Sunday, August 20, 2017

Central Bank steps in to stop KBZ panic

Central Bank ‘is standing behind all private banks’, says senior official

The Central Bank of Myanmar last week stepped in to quell a rumour-fuelled run on one of the nation’s largest lenders, Kanbawza Bank.

The panic prompted customers to withdraw K8 billion from the bank’s branches in Yangon and Mandalay on October 5, up from the daily average of K1-2 billion, officials said.

In order to restore calm, the Central Bank of Myanmar issued a statement on the evening of October 5 backing the bank and dismissing the rumour.

U Win Thaw, the deputy director general of the Central Bank’s Yangon office, said at a press conference on October 6 that none of Myanmar’s banks were in danger of going under.

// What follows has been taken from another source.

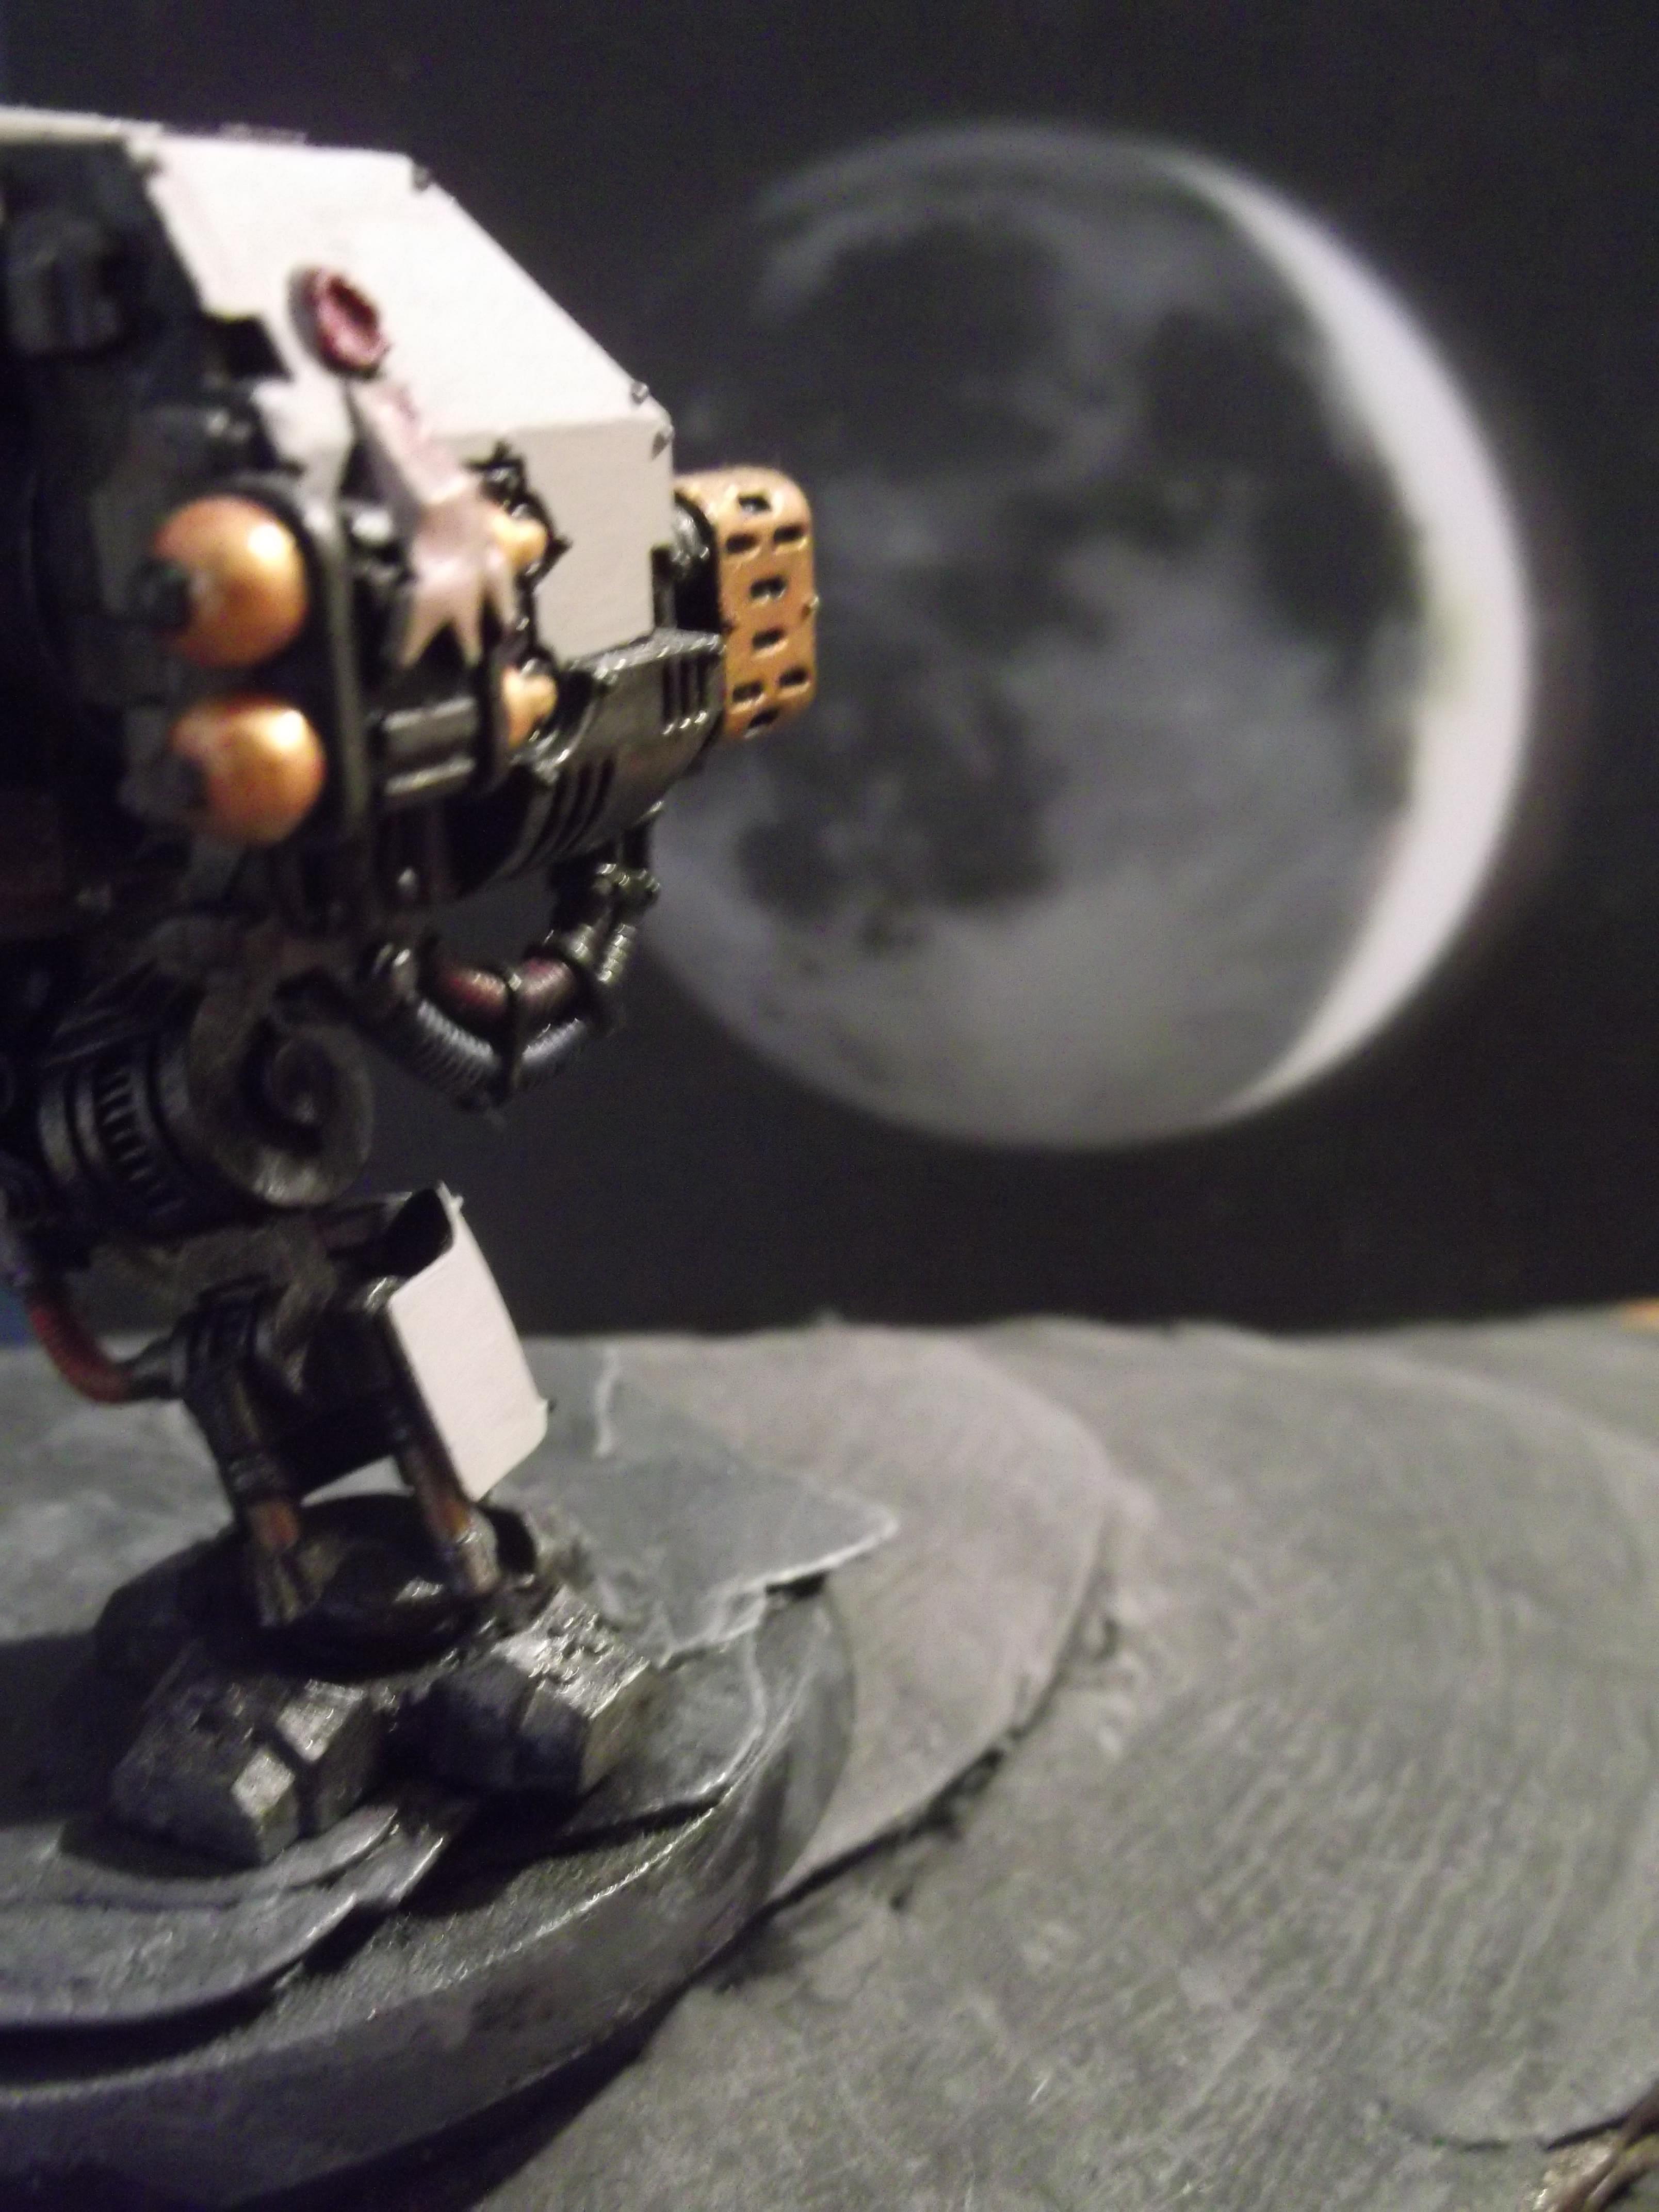 Black, Cybot, Dheneb, Dhenebs, Dreadnough, Flag, Laser, Melter, Moon, Multimelter, Space, Space Marines, Walker

“This is only a rumour … the Central Bank can guarantee that all private banks [are healthy]. We’ve tightly restricted all private banks and ensured they follow the rules of the Central Bank. We’ve investigated all [owners of] private banks before they were allowed to open to check whether their money has been legally acquired,” he said.

“All private banks have to show their financial statistics every day to the Central Bank … the banks even complain that we place too many restrictions on them.

“The Central Bank is standing behind all private banks. We’re fully backing them.”

The panic began after rumours spread through social media early last week that a Kanbawza Bank truck filled with contraband – allegedly drugs – had been intercepted by police, and the bank’s chairman, U Aung Ko Win, had been arrested.

As a result, many people rushed to Kanbawza Bank branches to withdraw their savings, with large queues seen outside several branches in Yangon.

U Win Thaw suggested the rumours were the work of “underground saboteurs” who “don’t want the banking sector to develop” and were probably designed to harm the industry as a whole, rather than just Kanbawza.

“Banking sector development is a foundation of the country’s development. The intention of targeting the banking sector is to harm the country’s development, not only Kanbawza,” he said.

He said he was confident Myanmar was not heading for a repeat of the 2003 banking crisis, which occurred “because banks were not following the monetary rules”, he said.

“Now the Central Bank is handling all private banks carefully and that is why there won’t be any closures or bankruptcies. The 2003 crisis happened because enforcement was weak at that time.”

The previous evening, the Central Bank issued a statement through state-run television channels denying the rumour.

A small notice was also printed on the back page of the state-run New Light of Myanmar newspaper on October 6 that did not name Kanbawza but described the rumour as “hearsay”. It called on citizens to trust the banks.

“With respect to those news, the Central Bank of Myanmar announced that they are mere rumours aired by those with ill will to harm the interests of banks, and not true; that private banks are operating in line with banking procedures and rules and regulations under the systematic management of the Central Bank of Myanmar and thus, citizens can trust all the private banks,” the notice said.

Kanbawza Bank vice chairman U Than Lwin, a former deputy governor of the Central Bank, said depositors in Yangon and Mandalay had withdrawn K8 billion on October 5 but the bank still had enough cash to pay out more deposits.

He said the bank has about K100 billion in capital, and each branch has at least K700 million. The bank controls about one-third of the overall private banking sector, he said, and was also the second-highest income tax paying firm in the 2011-12 financial year, the Ministry of Finance and Revenue announced in June.

“We’ve found that the most worried people are small depositors, those who have K100,000 to K500,000,” he said at the October 6 press conference.

He said the Central Bank had given Kanbawza permission to start offering deposit insurance and this would further improve the bank’s reputation with customers.

He said the rumours were unlikely to have been started by a rival bank because of the risk the panic could spread throughout the industry.

“If a bank falls down, all other banks will be affected. We’ve seen this before in the 2008 global financial crisis and 1997 Asian financial crisis, where it started in Thailand spread to other Asian countries,” U Than Lwin said.

He said the Central Bank had introduced strict controls following the 2003 banking crisis to strengthen the sector and these had been stringently enforced.

“We are operating transparently, we never manipulate our audits, we accept international financial institutions to check our audits every time,” he said.

“The Central Bank has taken steps so there won’t be a repeat of 2003. It strictly manages the private banks. I have said [in interviews with the media] that the Central Bank over regulates … I want to tell the public now through the media, don’t believe the rumours,” he said.

Earlier in the week, U Aung Ko Win presided over the opening of the bank’s 79th branch, in Yangon’s Thingangyun township, on October 4.

U Than Lwin said U Aung Ko Win had wanted to attend the October 6 press conference but could not because he had to attend a meeting with President U Thein Sein in Nay Pyi Taw.